Describe how magmatic differentiation can generate a body that has mineralogy (chemical composition) that is different from its parent magma.
Geologists have observed that, over time, a volcano may extrude lavas that vary in composition.
Data of this type led them to examine the possibility that magma might change (evolve), and thus one body could become the parent to a variety of igneous rocks. To explore this idea, N. L. Bowen carried out a pioneering investigation into the crystallization of magma early in the twentieth century.
Bowen’s Reaction Series and the Composition of Igneous Rocks
Recall that ice freezes at a specific temperature, whereas basaltic magma crystallizes over a range of at least 200°C of cooling (about 1200° to 1000°C). In a laboratory setting, Bowen and his coworkers demonstrated that as a basaltic magma cools, minerals tend to crystallize in a systematic fashion, based on their melting temperatures.
As shown in Figure 1, the first mineral to crystallize is the ferromagnesian mineral olivine. Further cooling generates calcium-rich plagioclase feldspar as well as pyroxene, and so forth down the diagram.
During this crystallization process, the composition of the remaining liquid portion of the magma also continually changes. For example, at the stage when about one-third of the it has solidified, the remaining molten material will be nearly depleted in iron, magnesium, and calcium because these elements are major constituents of the minerals that form earliest in the process.
The absence of these elements causes the melt to become enriched in sodium and potassium. Further, because the original basaltic magma contained about 50 percent silica (SiO2), the crystallization of the earliest formed mineral, olivine, which is only about 40 percent silica, leaves the remaining melt richer in SiO2. Thus, the silica component of the remaining melt becomes enriched as the magma evolves.

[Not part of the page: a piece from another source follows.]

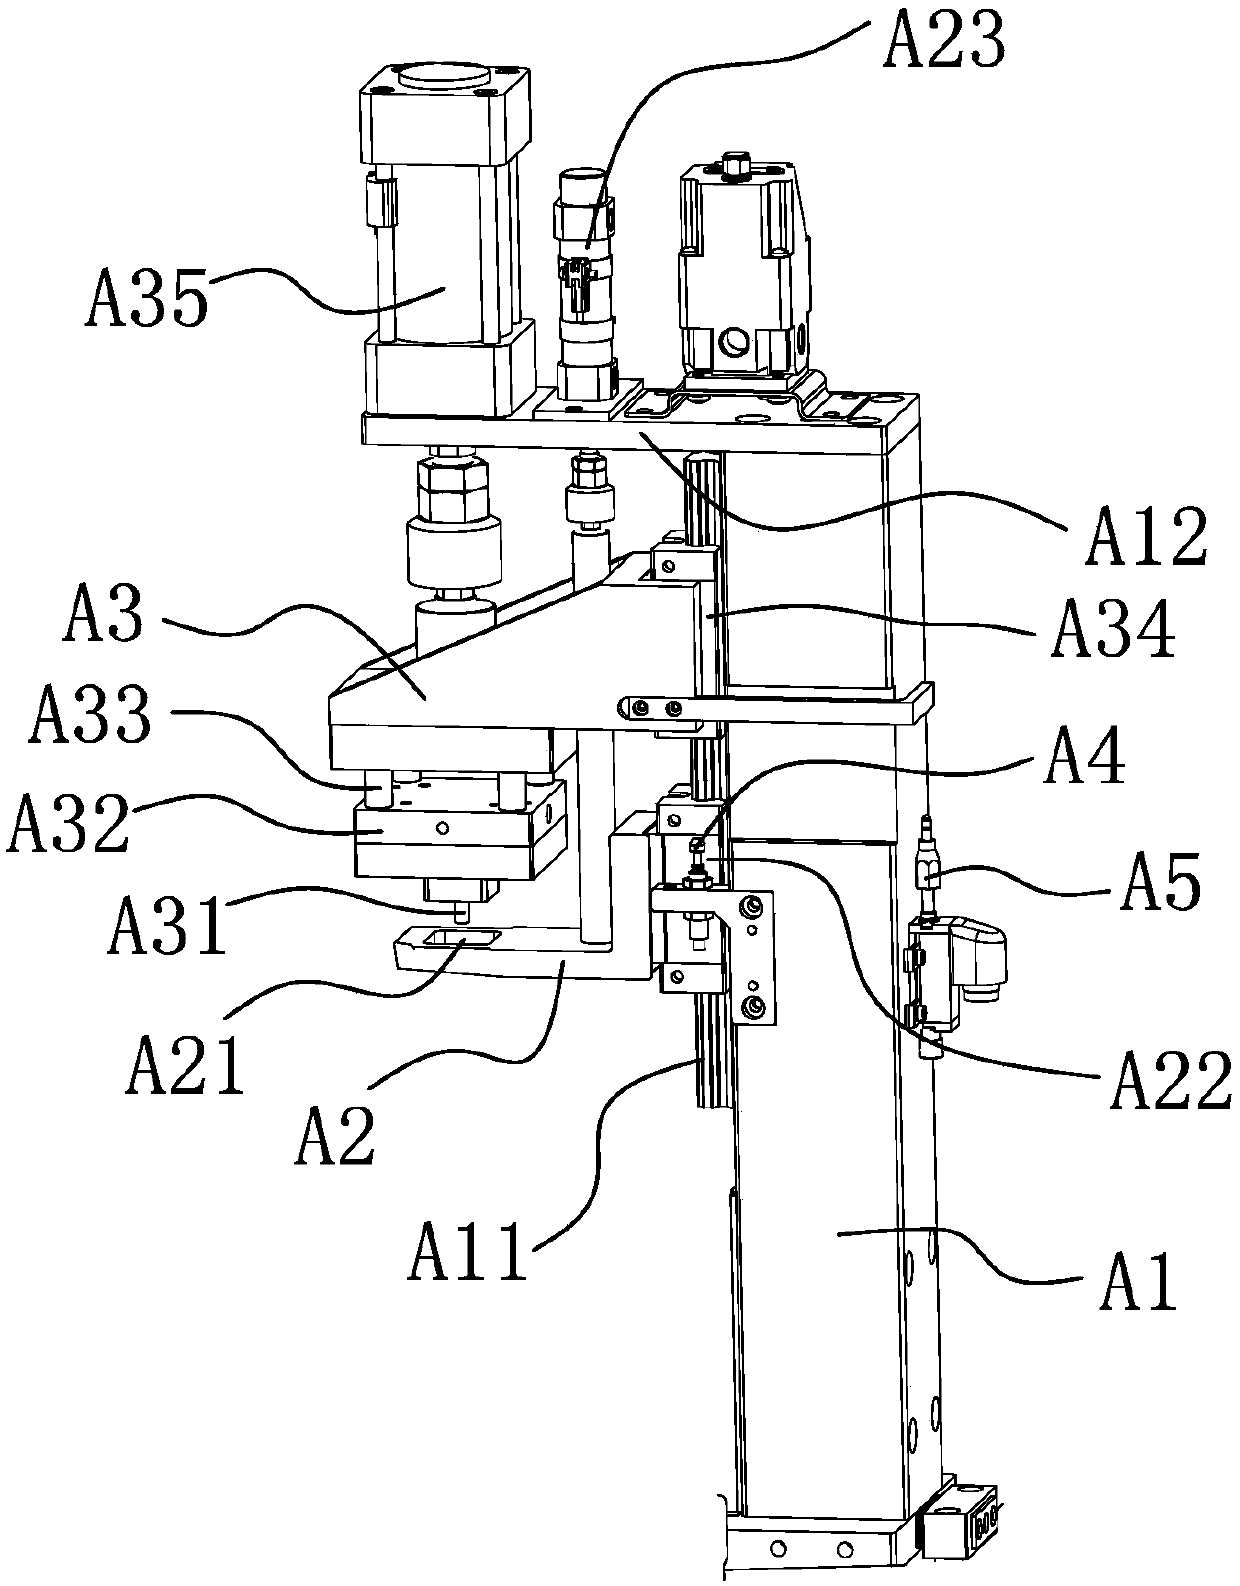 Vacuum pressure sensor assembling device and assembling method thereof
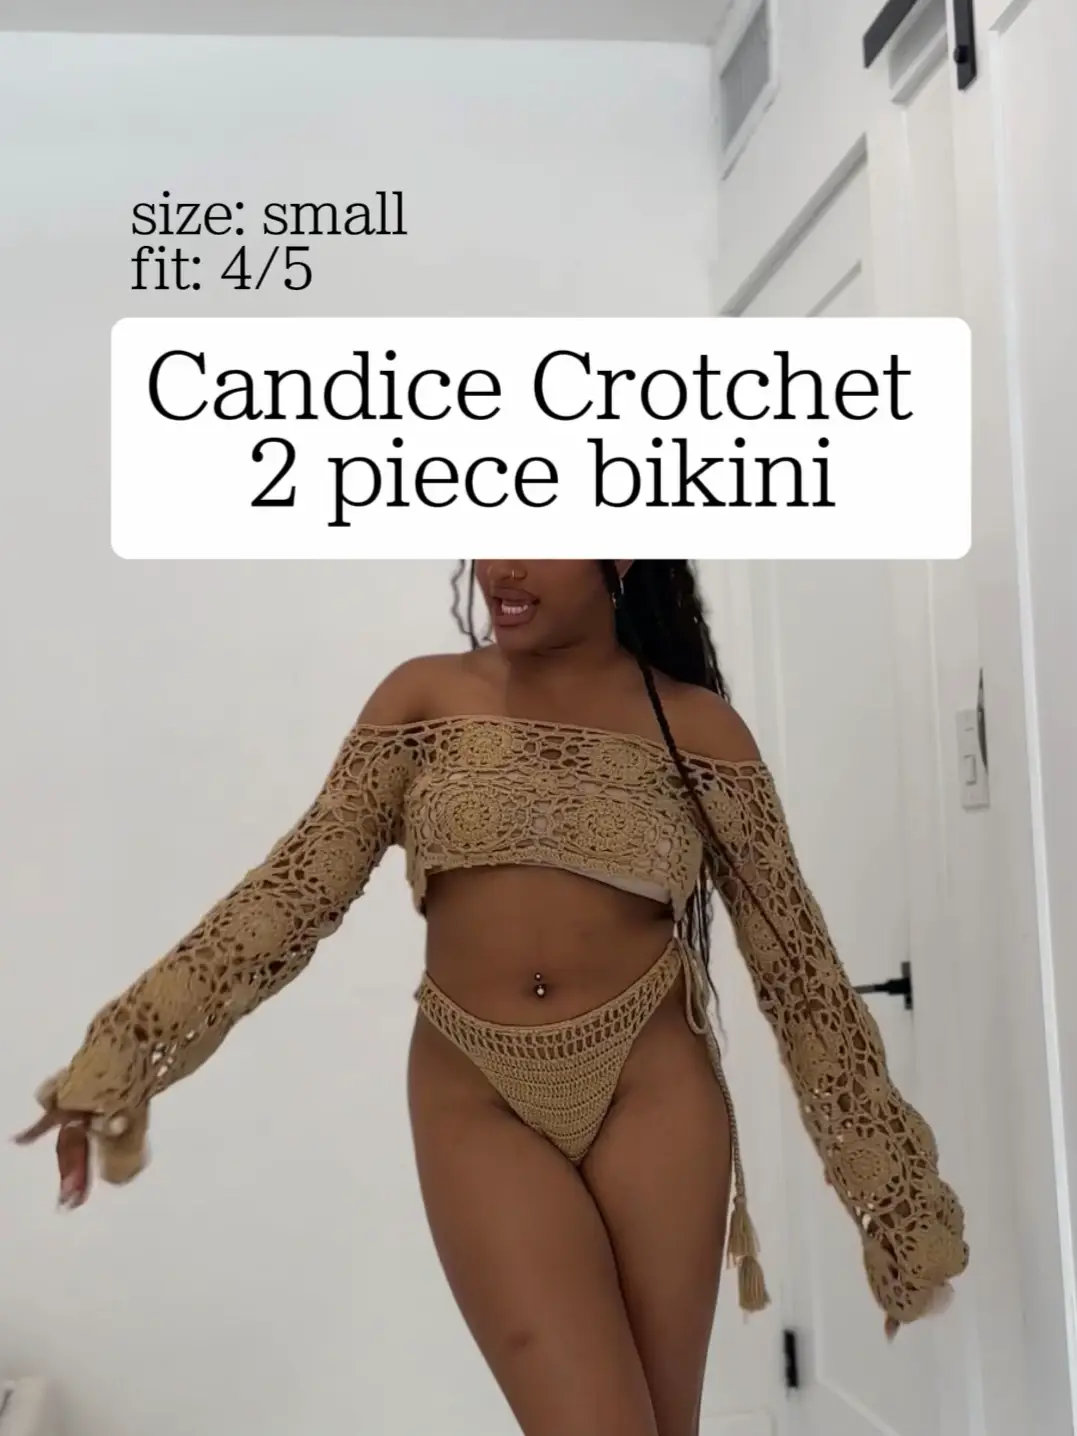 I’m selling a fashion nova bikini that I ordered and it is way too small

Bowen also demonstrated that if the solid components in a magma remain in contact with the remaining melt, they will chemically react and change mineralogy (chemical composition), as shown in Figure 1. For this reason, this order of mineral formation became known as Bowen’s reaction series. However, in nature, the earliest-formed minerals can separate from the melt, thus halting any further chemical reaction.
The diagram of Bowen’s reaction series in Figure 1 depicts the sequence in which minerals crystallize from magma of basaltic composition under laboratory conditions.
Evidence that this highly idealized crystallization model approximates what can happen in nature comes from the analysis of igneous rocks. In particular, scientists know that minerals that form in the same general temperature regime depicted in Bowen’s reaction series are found together in the same igneous rocks. For example, notice in Figure 1 that the minerals quartz, potassium feldspar, and muscovite, which are located in the same region of Bowen’s diagram, are typically found together as major constituents of the intrusive igneous rock granite.
Magmatic Differentiation and Crystal Settling
Bowen demonstrated that minerals crystallize from magma in a systematic fashion. But how do Bowen’s findings account for the great diversity of igneous rocks? It has been shown that at one or more stages during the crystallization, separation of various components can occur. One mechanism that causes this to happen is called crystal settling.
This process occurs when the earlier-formed minerals are denser (heavier) than the liquid portion and sink toward the bottom of the chamber, as shown in Figure 2. When the remaining melt solidifies—either in place or in another location, if it migrates into fractures in the surrounding rock —it will form a rock with a mineral composition that is different than the parent magma. The formation of a body having mineralogy or chemical composition that is different from the parent magma is called differentiation.
A classic example of magmatic differentiation is found in the Palisades Sill, which is a 300-meter-thick (1000-foot-thick) slab of dark igneous rock exposed along the west bank of the lower Hudson River across from New York City (Figure 3). Because of its great thickness and subsequent slow rate of solidification, crystals of olivine (the first mineral to form) sank and makeup about 25 percent of the lower portion of the Palisades Sill.
By contrast, near the top of this igneous body, where the last melt crystallized, olivine represents only 1 percent of the rock mass.
Assimilation and Mixing
Bowen successfully demonstrated that through magmatic differentiation, a single parent magma can generate several mineralogically different igneous rocks. However, more recent work indicates that differentiation involving crystal settling cannot, by itself, account for the entire compositional spectrum of igneous rocks.
Once a body forms, the incorporation of foreign material can also change its composition. For example, in near-surface environments where rocks are brittle, the magma pushing upward can cause numerous fractures in the overlying rock. The force of the injected magma is often sufficient to dislodge and incorporate the surrounding host rock (Figure 4).
Melting of these blocks, a process called assimilation changes the overall chemical composition of the body.
Another means by which the composition can be altered is called magma mixing.
I may occur during the ascent of two chemically distinct bodies as the more buoyant mass overtakes the more slowly rising body (Figure 5). Once they are joined, convective flow stirs the two magmas, generating a single mass that has an intermediate composition.